14. The outboard motor according to claim 1, further comprising a rotation angle acquirer that acquires a rotation angle of the rotary electric machine.

15. The outboard motor according to claim 1, wherein the rotary electric machine controller is configured or programmed to, after the rotation speed of the crankshaft exceeds a rotation speed of the rope reel, continue to perform the power running rotation speed range expansion control and perform control of supplying electric power from a battery to the rotary electric machine to rotate the crankshaft.

16. The outboard motor according to claim 1, wherein

the engine includes a fuel injector and an igniter; and

the rotary electric machine controller is configured or programmed to, at least until fuel injection by the fuel injector is completed and initial ignition by the igniter is completed, continue to perform the power running rotation speed range expansion control and perform control of supplying electric power from a battery to the rotary electric machine in the state in which the crankshaft is rotated at the rotation speed within the cranking rotation speed range.

17. The outboard motor according to claim 1, wherein the rotary electric machine includes a rotor directly connected to the crankshaft and a stator that faces the rotor in a radial direction of the crankshaft.

18. The outboard motor according to claim 1, further comprising a battery disposed in an outboard motor body, that supplies electric power to the rotary electric machine, and to which the electric power is returned from the rotary electric machine.

19. An engine starter comprising:

a manual starter connected to a crankshaft of an engine that starts when the crankshaft is rotated at a cranking rotation speed or higher and that manually rotates the crankshaft;

a rotary electric machine connected to the crankshaft; and

a rotary electric machine controller configured or programmed to control the rotary electric machine; wherein

the rotary electric machine controller is configured or programmed to, in a state in which the crankshaft is rotated at a rotation speed within a cranking rotation speed range including the cranking rotation speed by the manual starter, perform assist control of assisting rotation of the crankshaft by the rotary electric machine and perform power running rotation speed range expansion control of expanding a power running rotation speed range of the rotary electric machine.

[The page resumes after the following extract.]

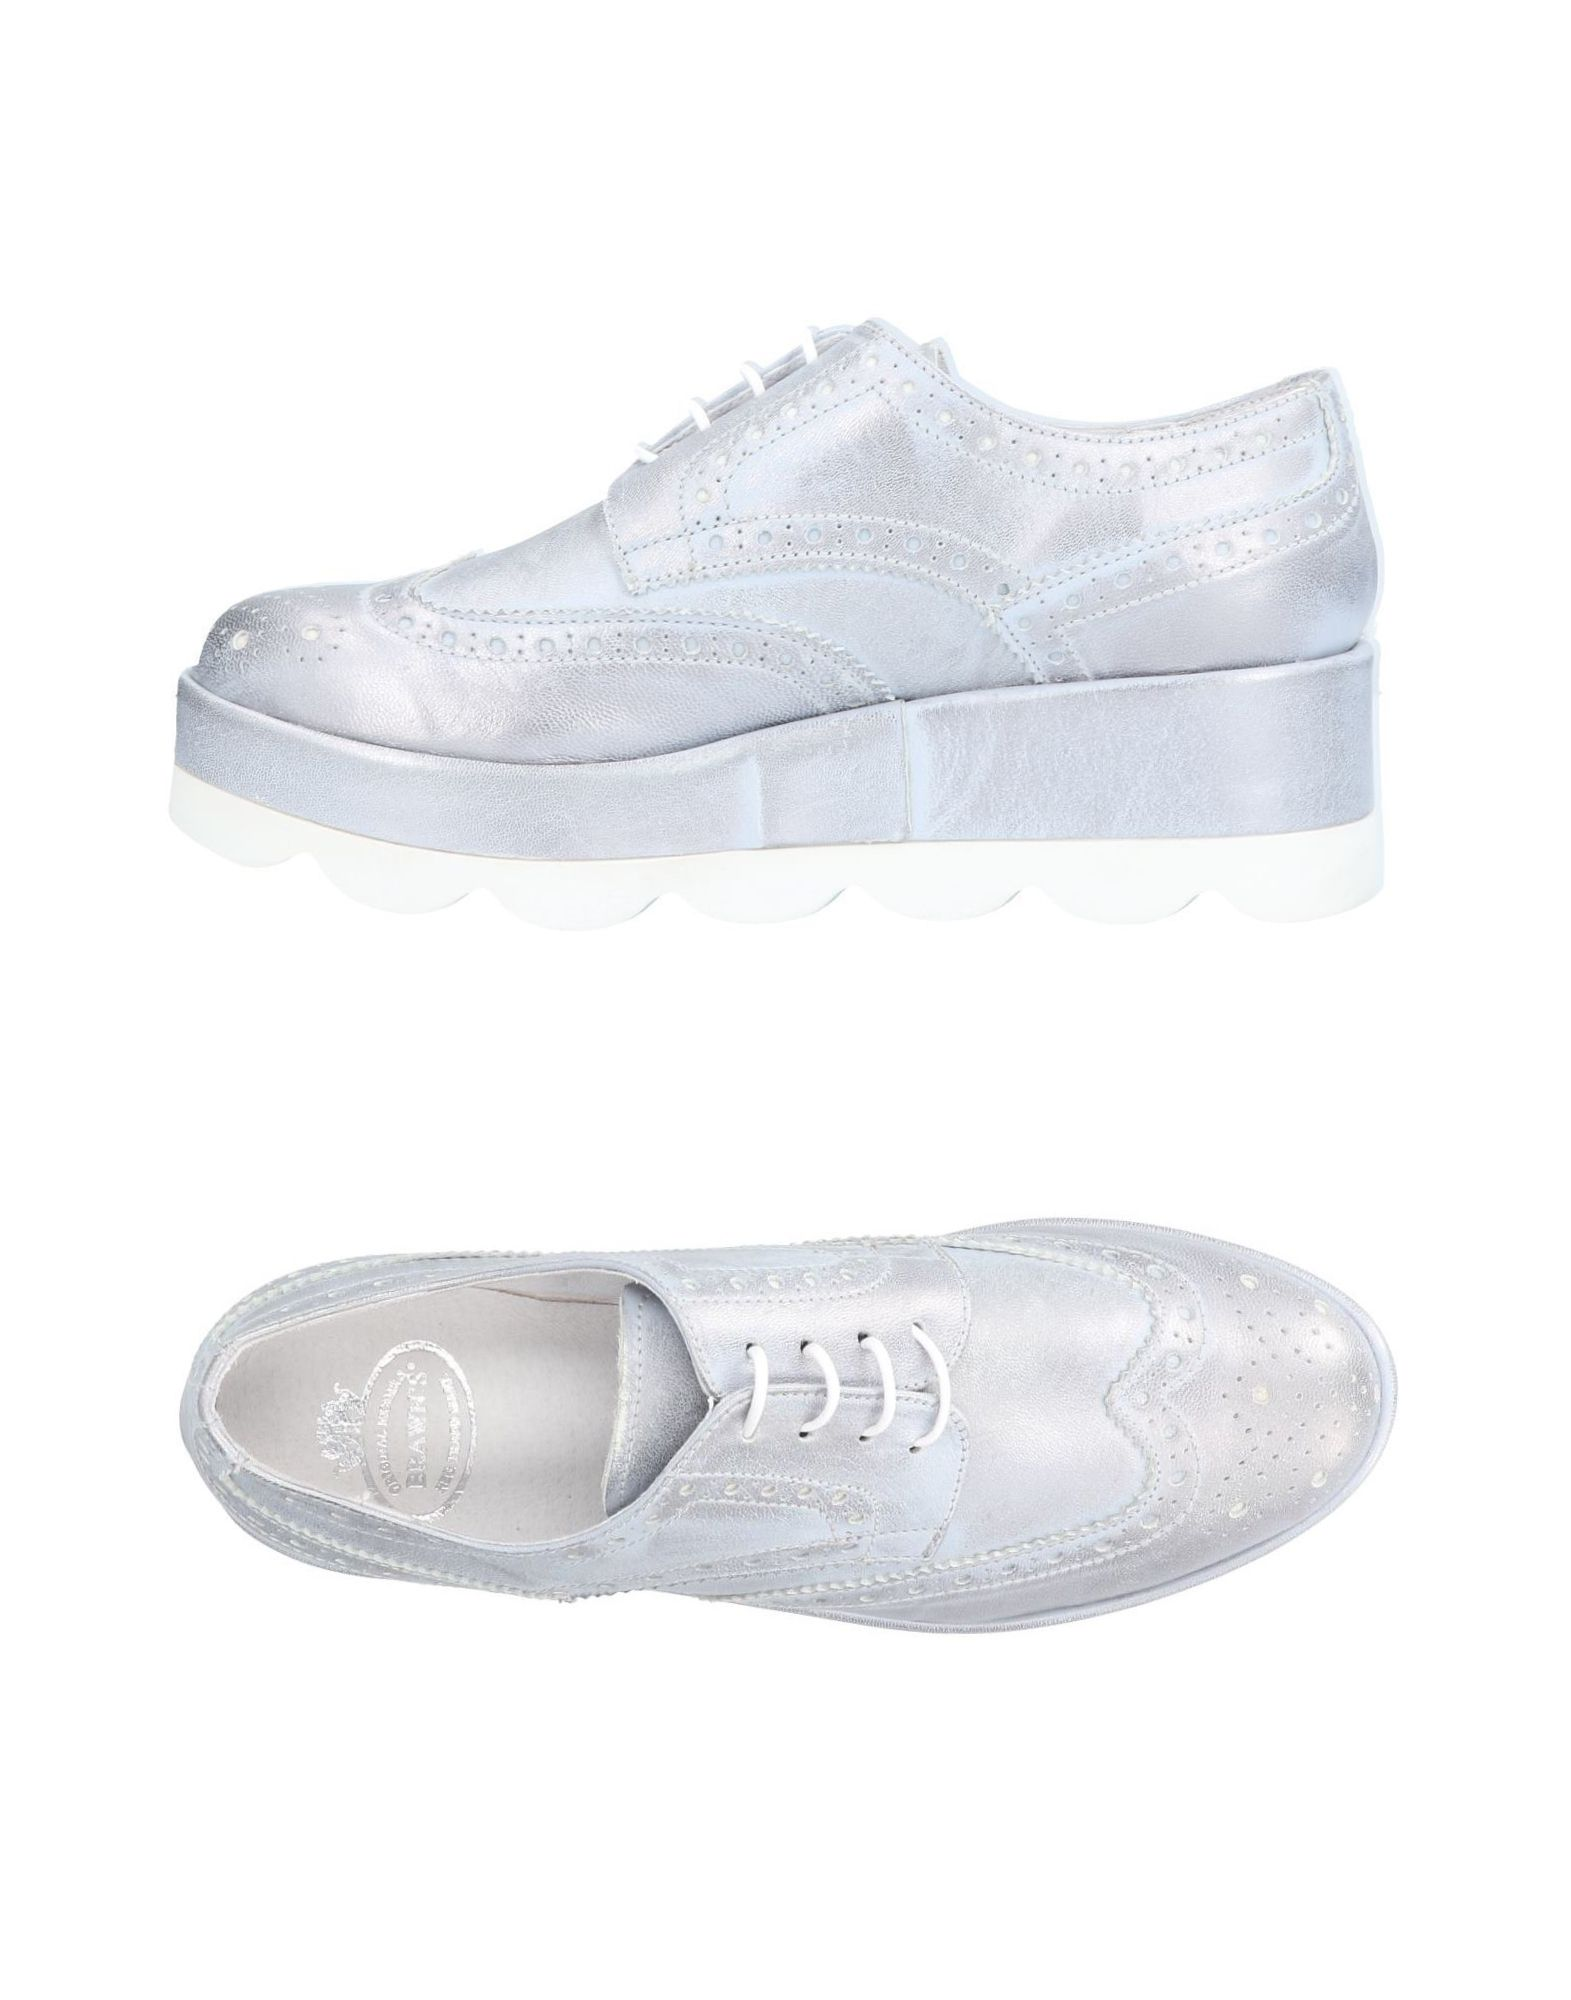 Brawn's Schnürschuhe Damen  11411903NP Gute Qualität beliebte Schuhe

20. An engine starting method for an engine that starts when a crankshaft is rotated at a cranking rotation speed or higher, the method comprising:

rotating the crankshaft by a manual starter connected to the crankshaft; and

performing assist control of assisting rotation of the crankshaft by a rotary electric machine connected to the crankshaft and performing power running rotation speed range expansion control of expanding a power running rotation speed range of the rotary electric machine in a state in which the crankshaft is rotated by the manual starter at a rotation speed within a cranking rotation speed range including the cranking rotation speed.